◆ What this task involves: Please retype the data below line for line and leave out every picture.

◆ The data:
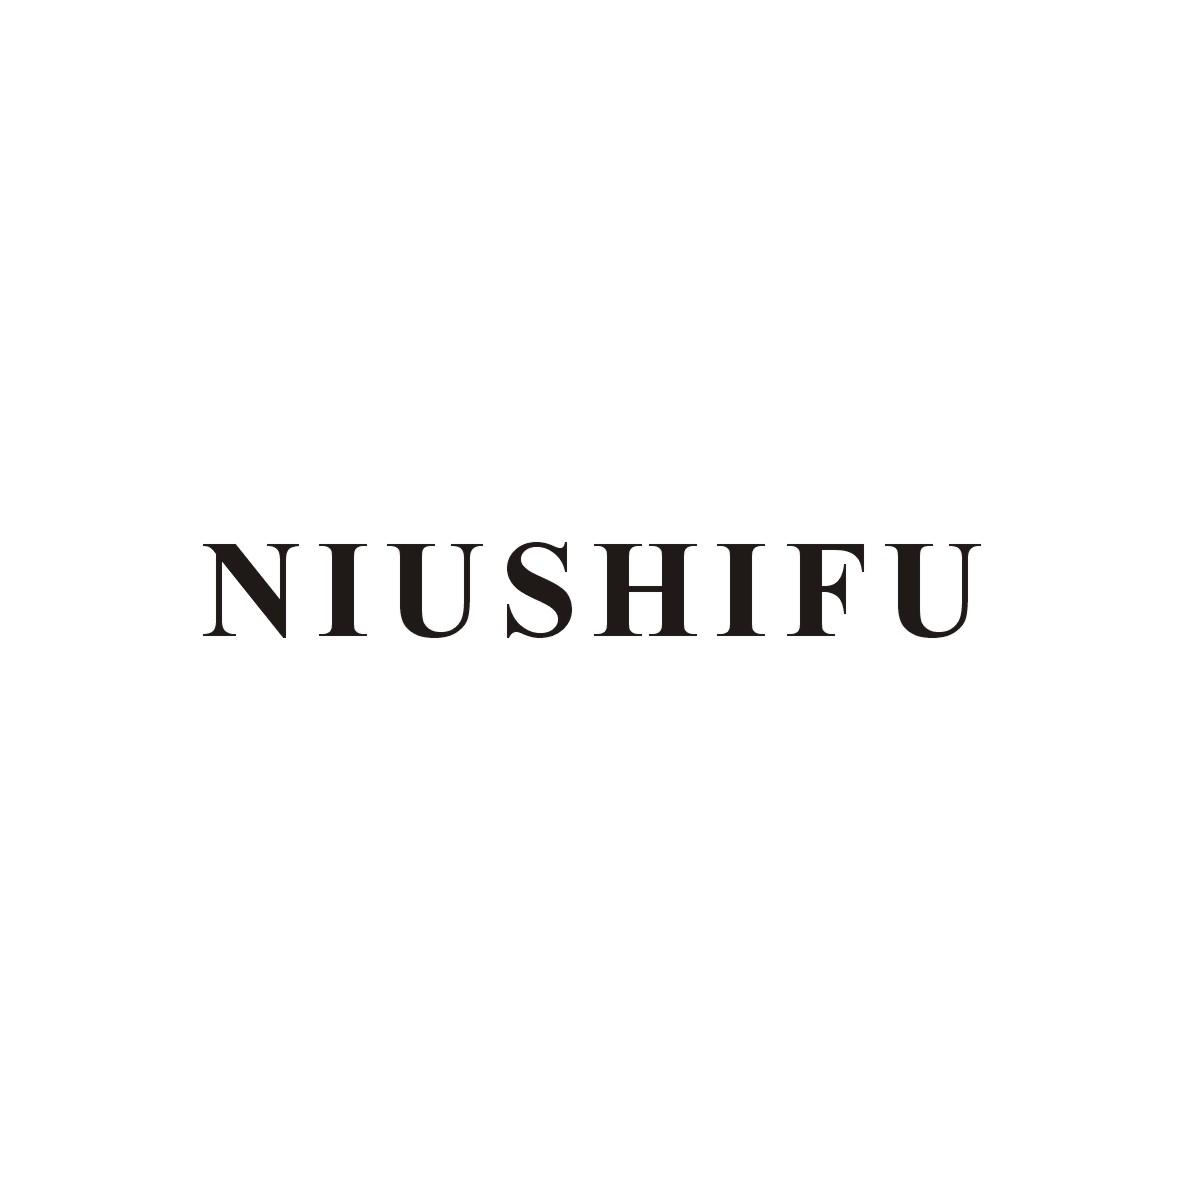 NIUSHIFU
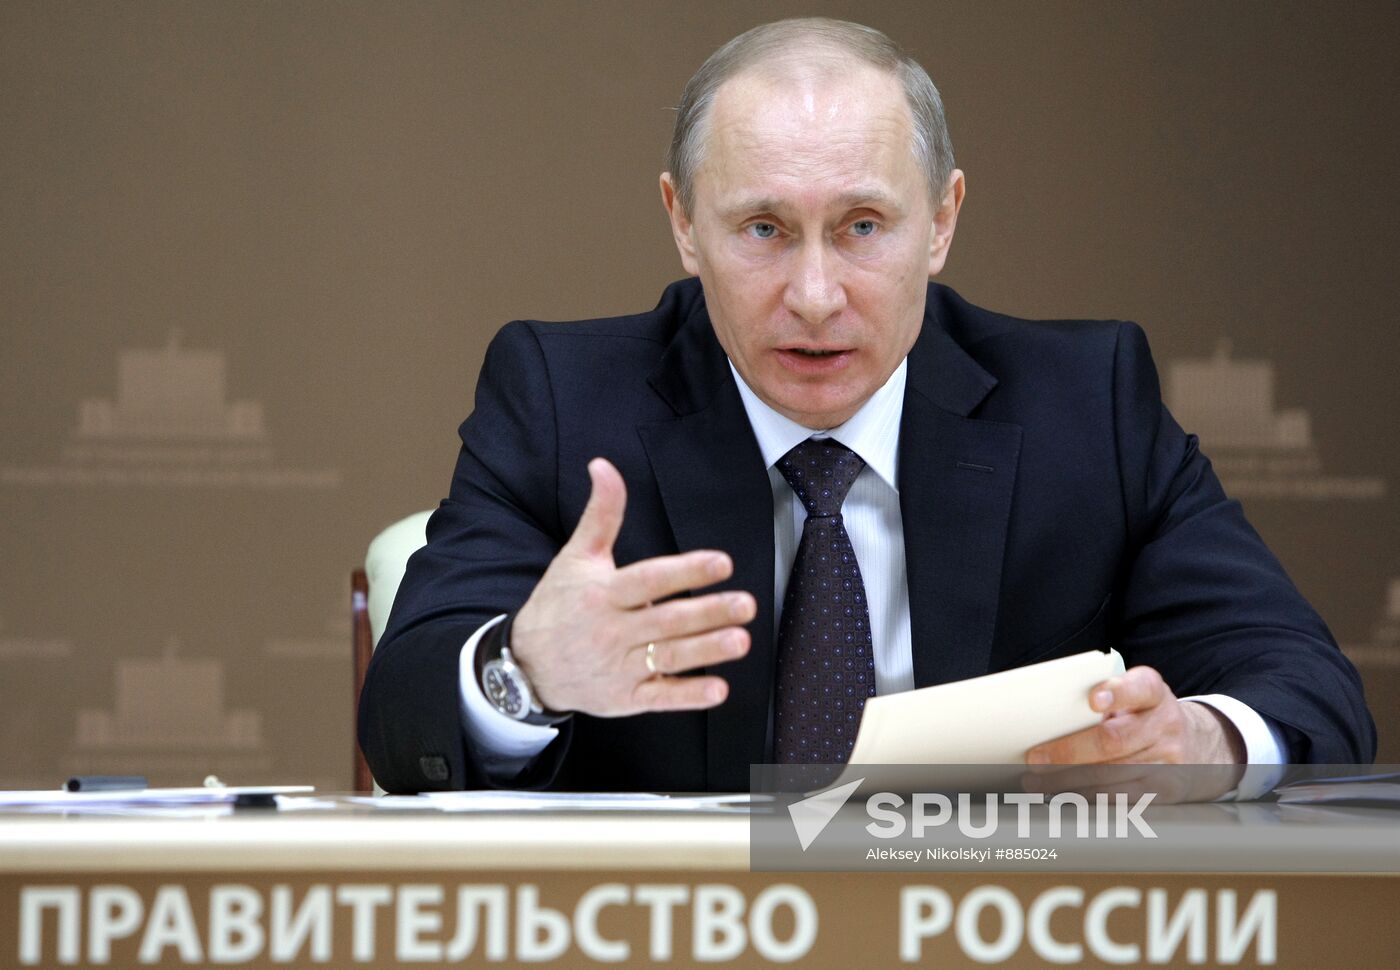 Vladimir Putin chairs video conference
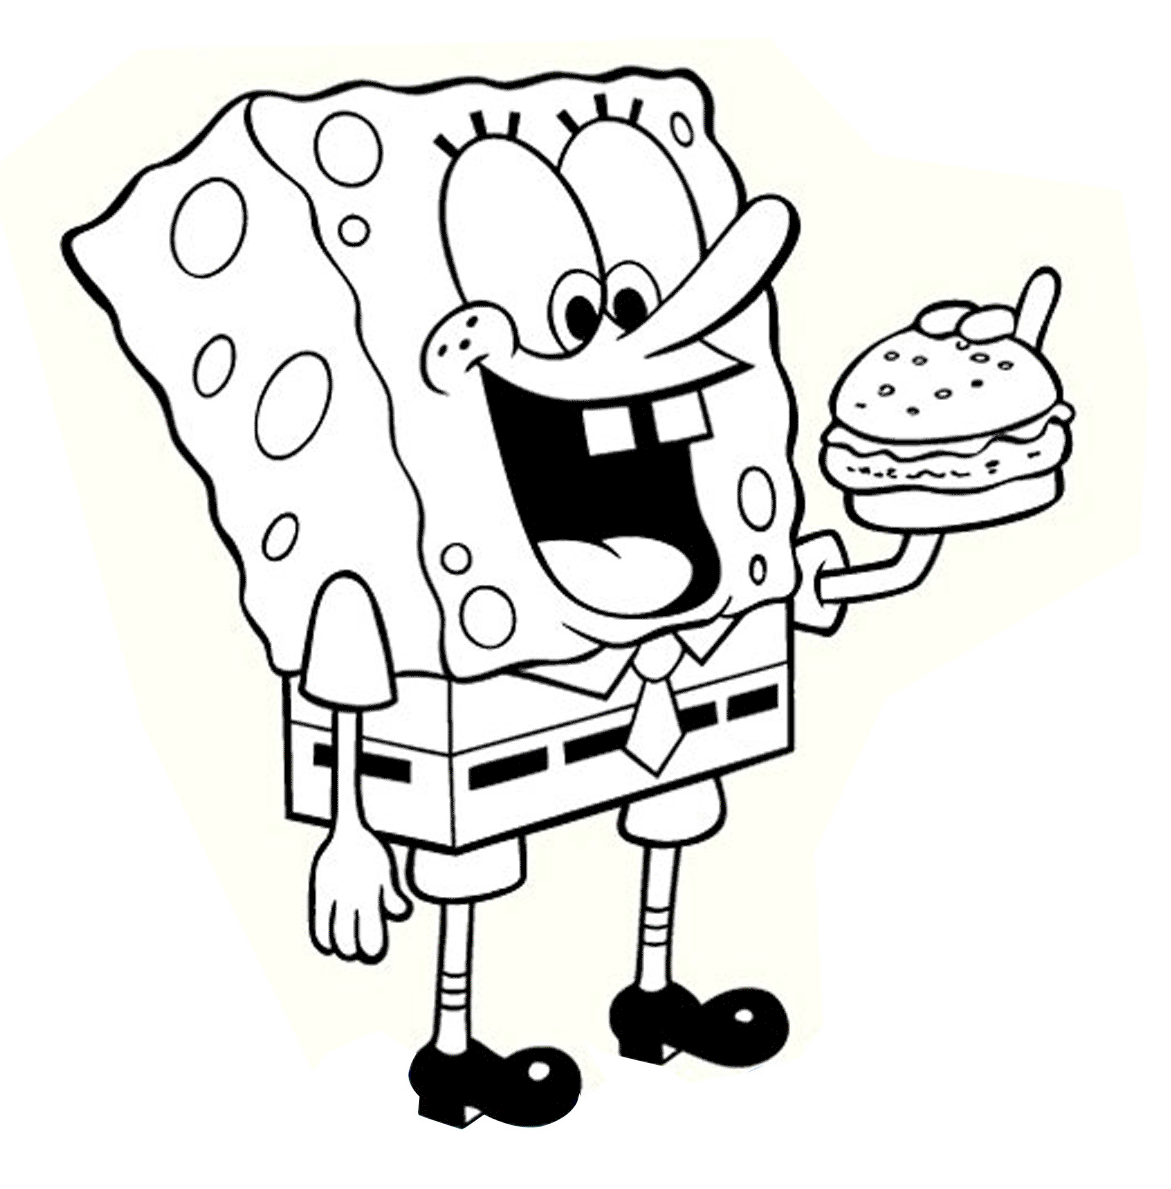 Sponge Bob Square Pants Coloring Pages Pictures 4 موقع العاب شمس
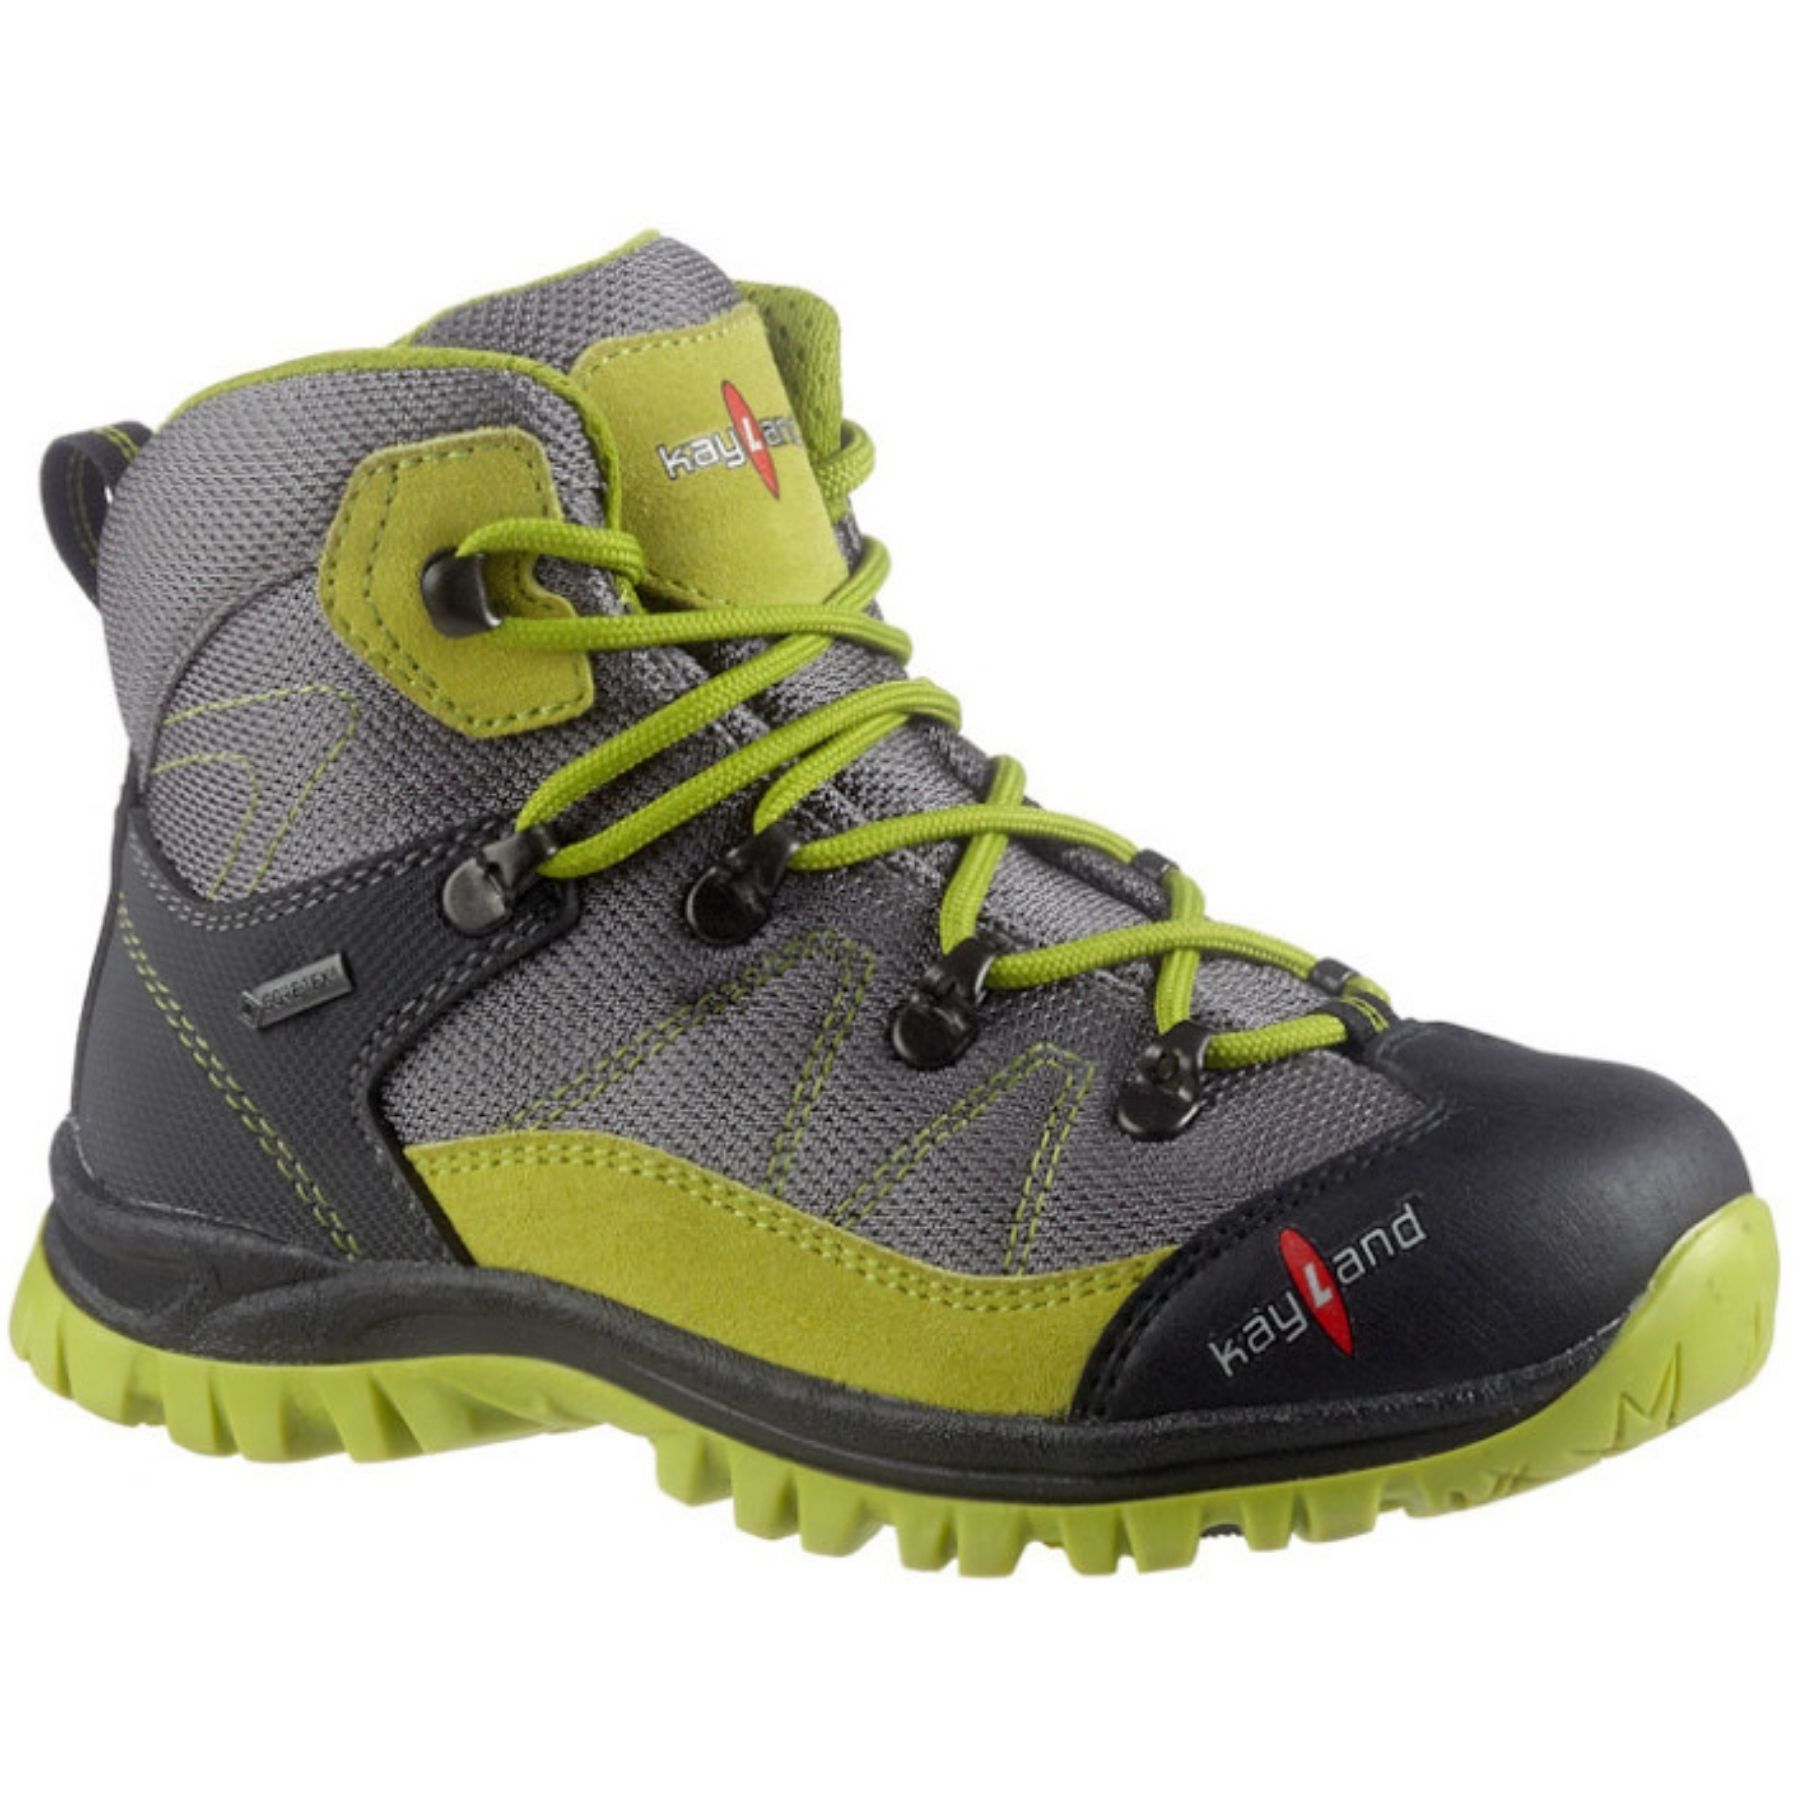 Kayland Cobra GTX - Hiking boots - Kids

◆ Answer space:
 NIUSHIFU
 Vladimir Putin chairs video conference
 Sponge Bob Square Pants Coloring Pages Pictures 4 موقع العاب شمس
 Kayland Cobra GTX - Hiking boots - Kids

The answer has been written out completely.